■ **PROBLEM**: Within the records that follow, restate exactly the lines from the line with "Ettsymbol För Acceptans" down to the line with "Policía Local Valldemossa", including both. Omit the pictures.

■ **LISTED RECORDS**:
********************

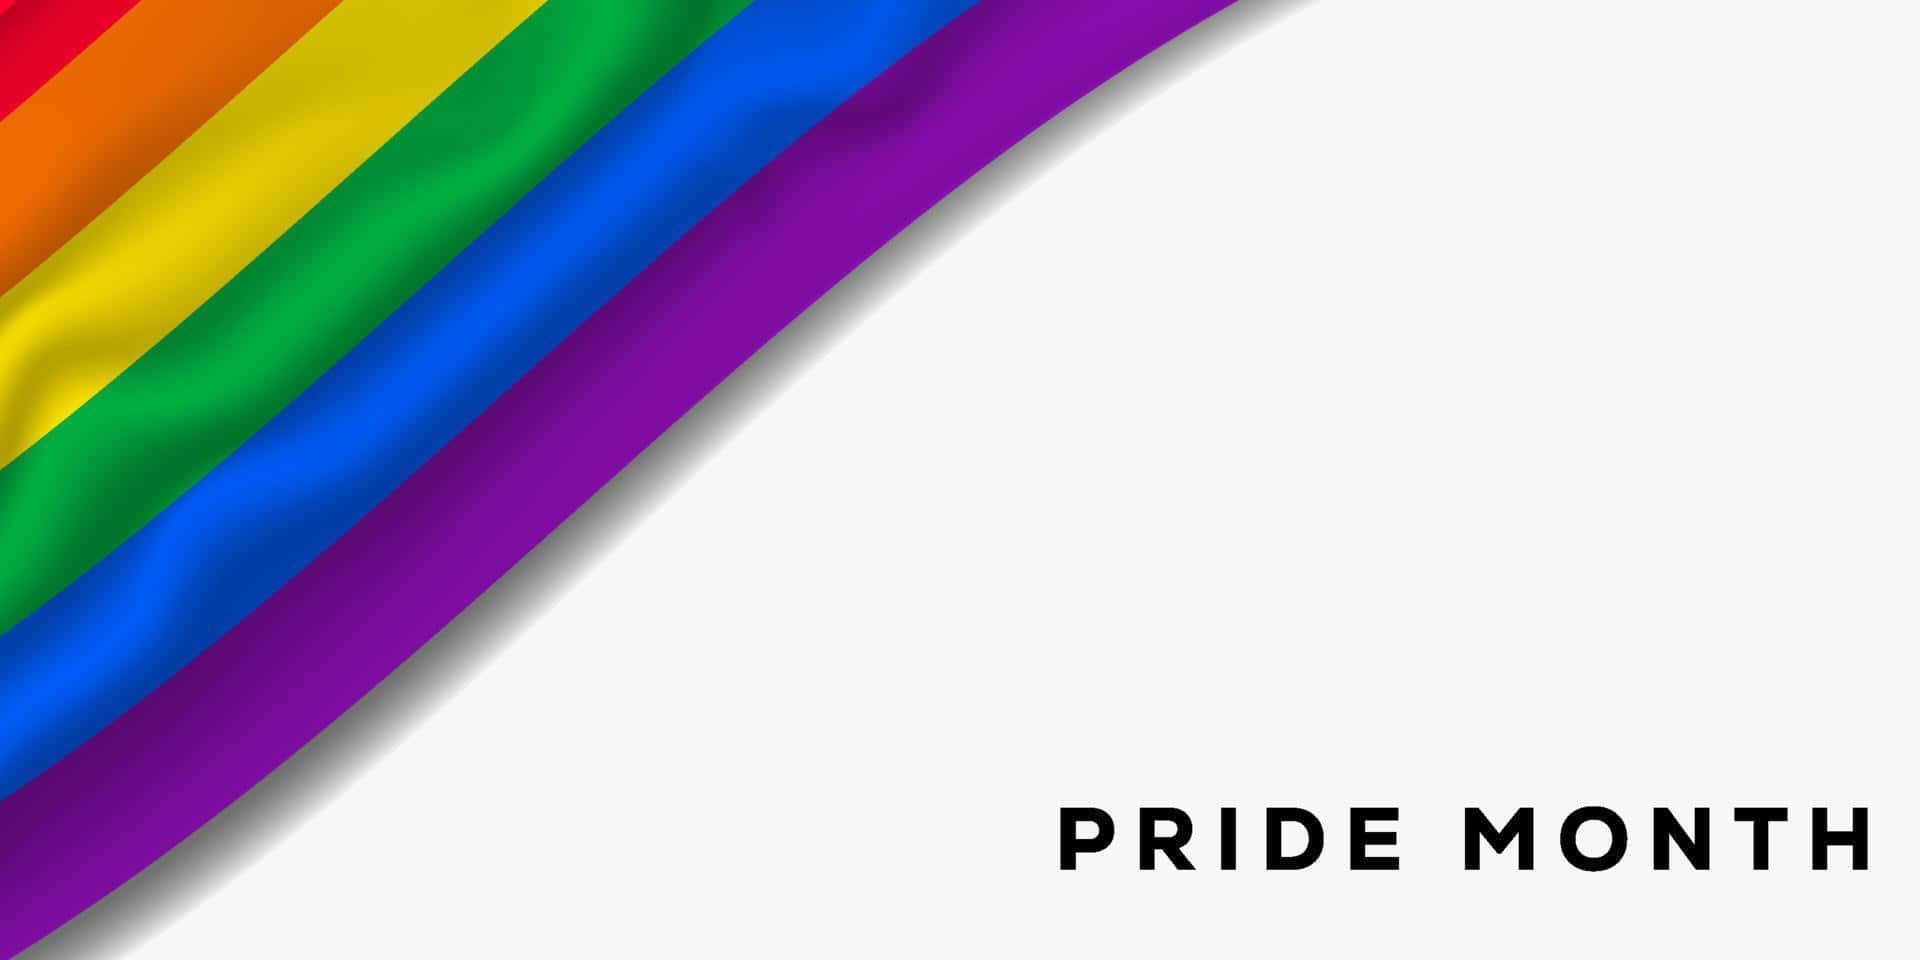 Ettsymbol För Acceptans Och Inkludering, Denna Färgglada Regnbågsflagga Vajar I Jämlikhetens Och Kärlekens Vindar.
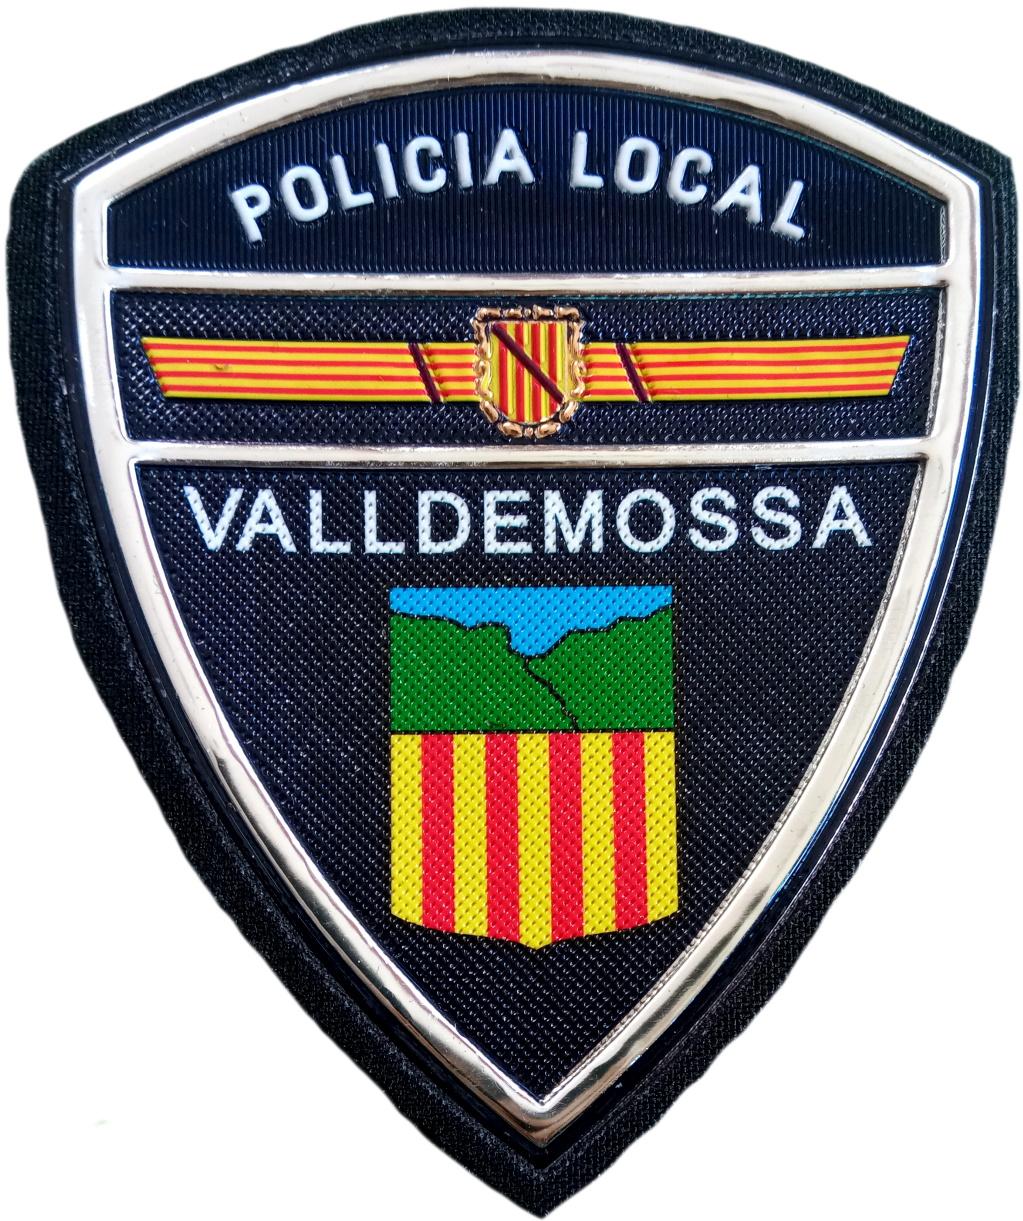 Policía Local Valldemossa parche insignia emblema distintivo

********************

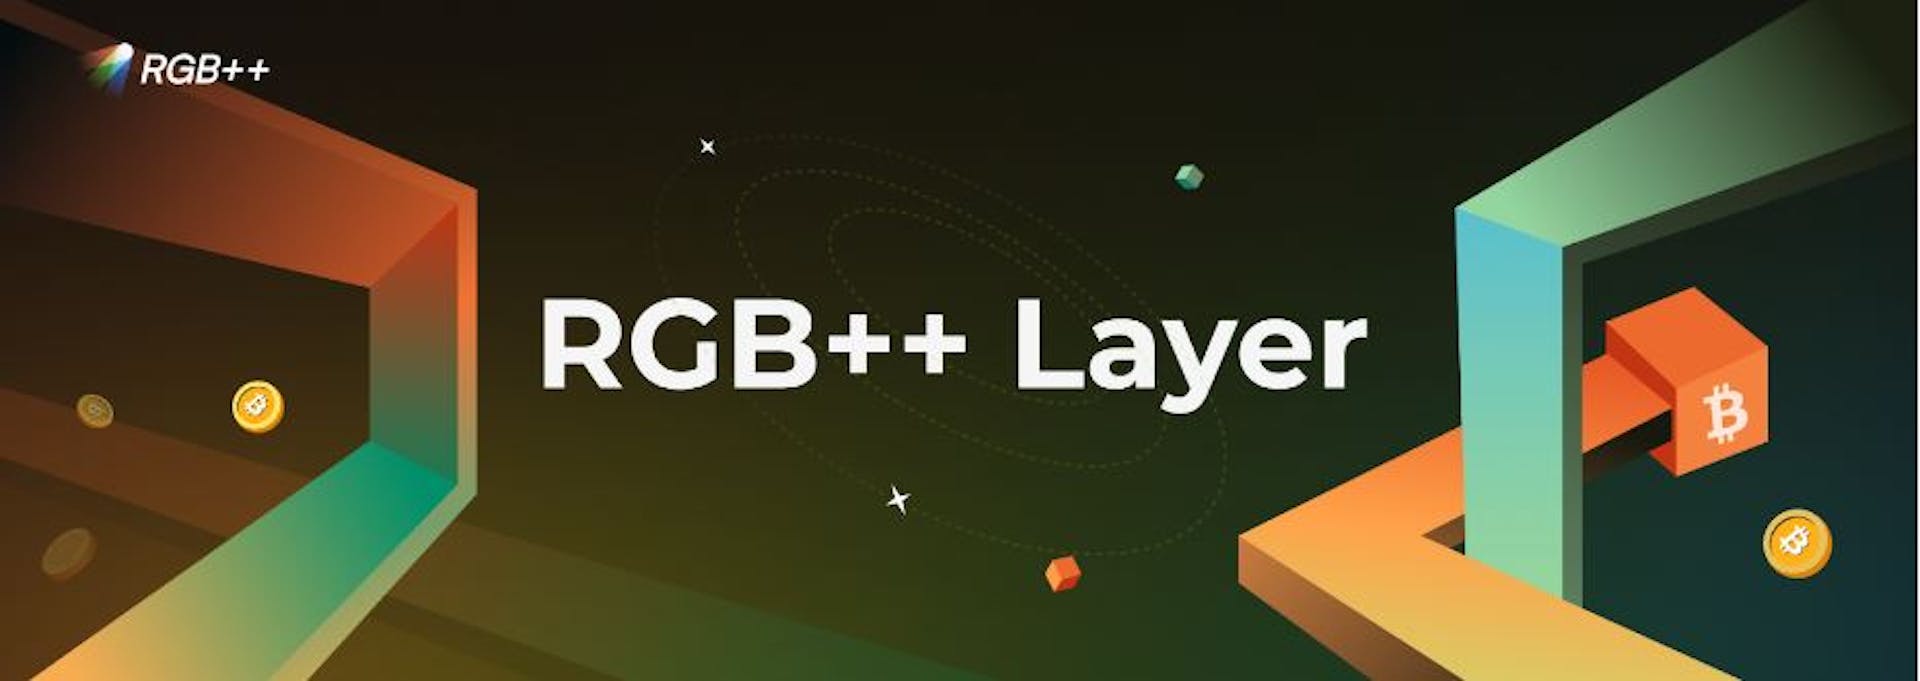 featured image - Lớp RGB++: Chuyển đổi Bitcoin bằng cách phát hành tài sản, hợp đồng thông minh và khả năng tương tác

********************

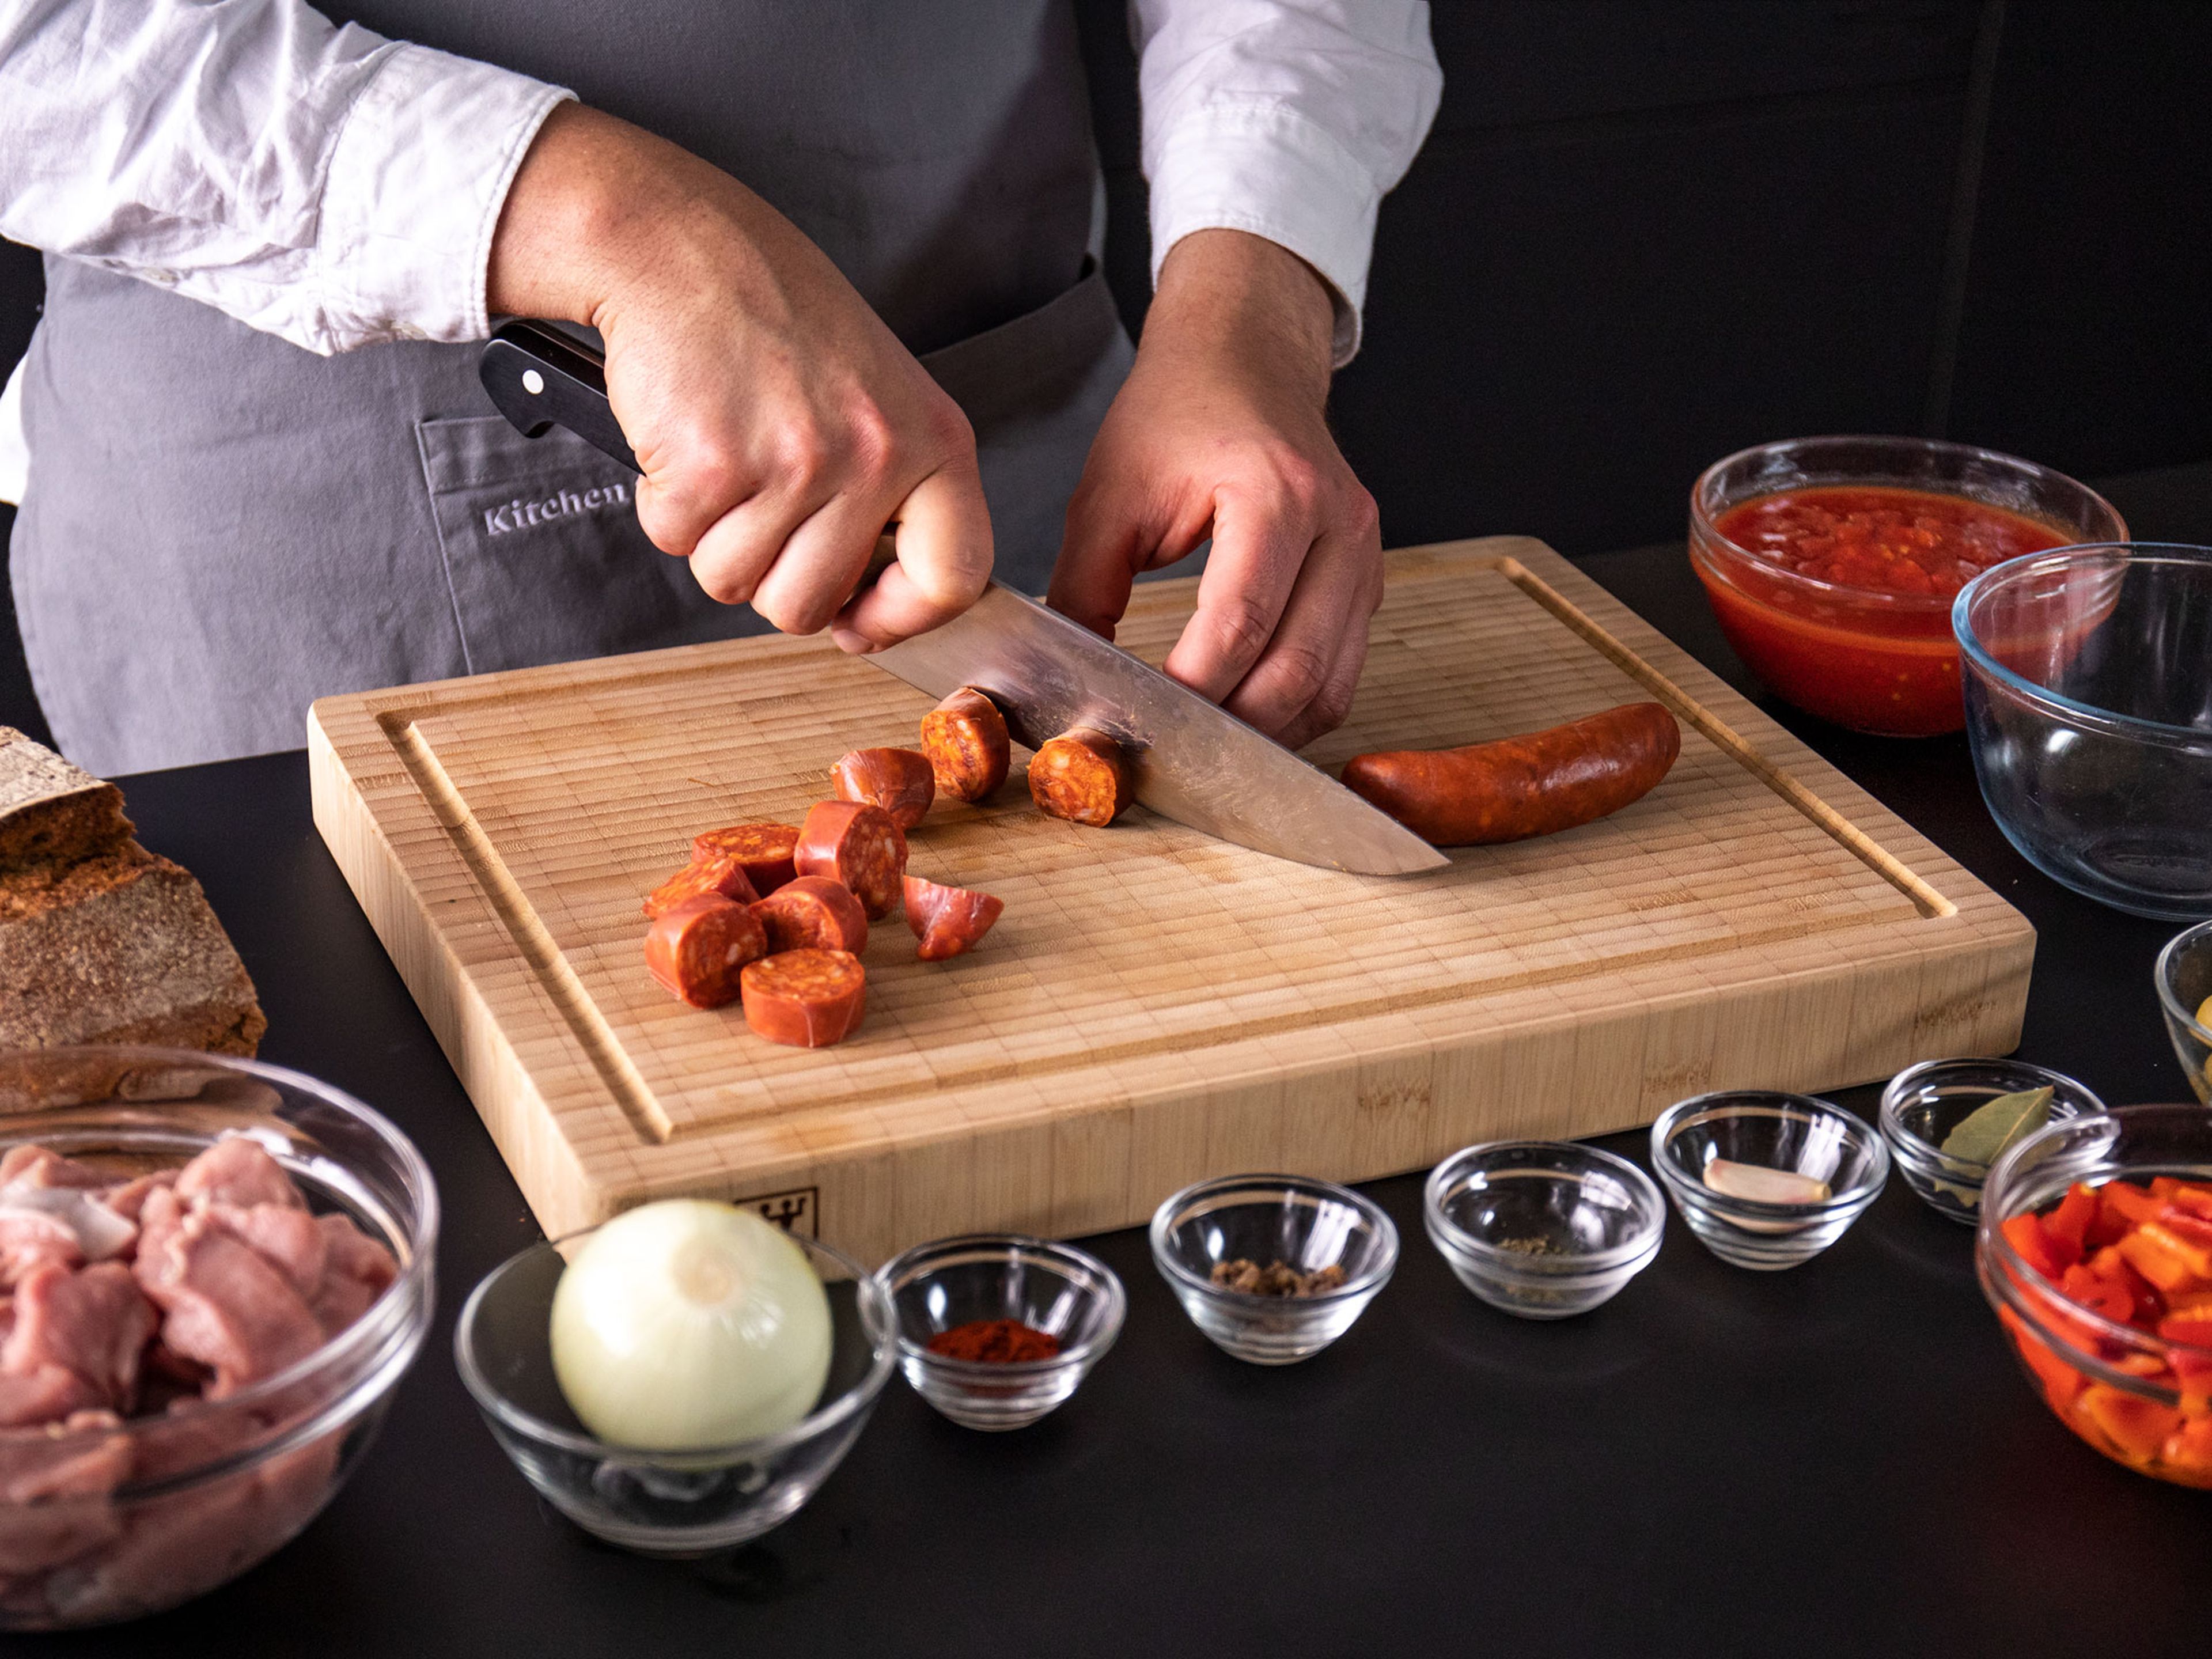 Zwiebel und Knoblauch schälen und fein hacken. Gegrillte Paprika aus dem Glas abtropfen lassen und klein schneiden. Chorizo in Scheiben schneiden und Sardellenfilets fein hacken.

********************

■ **EXPECTED ANSWER**:
 Ettsymbol För Acceptans Och Inkludering, Denna Färgglada Regnbågsflagga Vajar I Jämlikhetens Och Kärlekens Vindar.
 Policía Local Valldemossa parche insignia emblema distintivo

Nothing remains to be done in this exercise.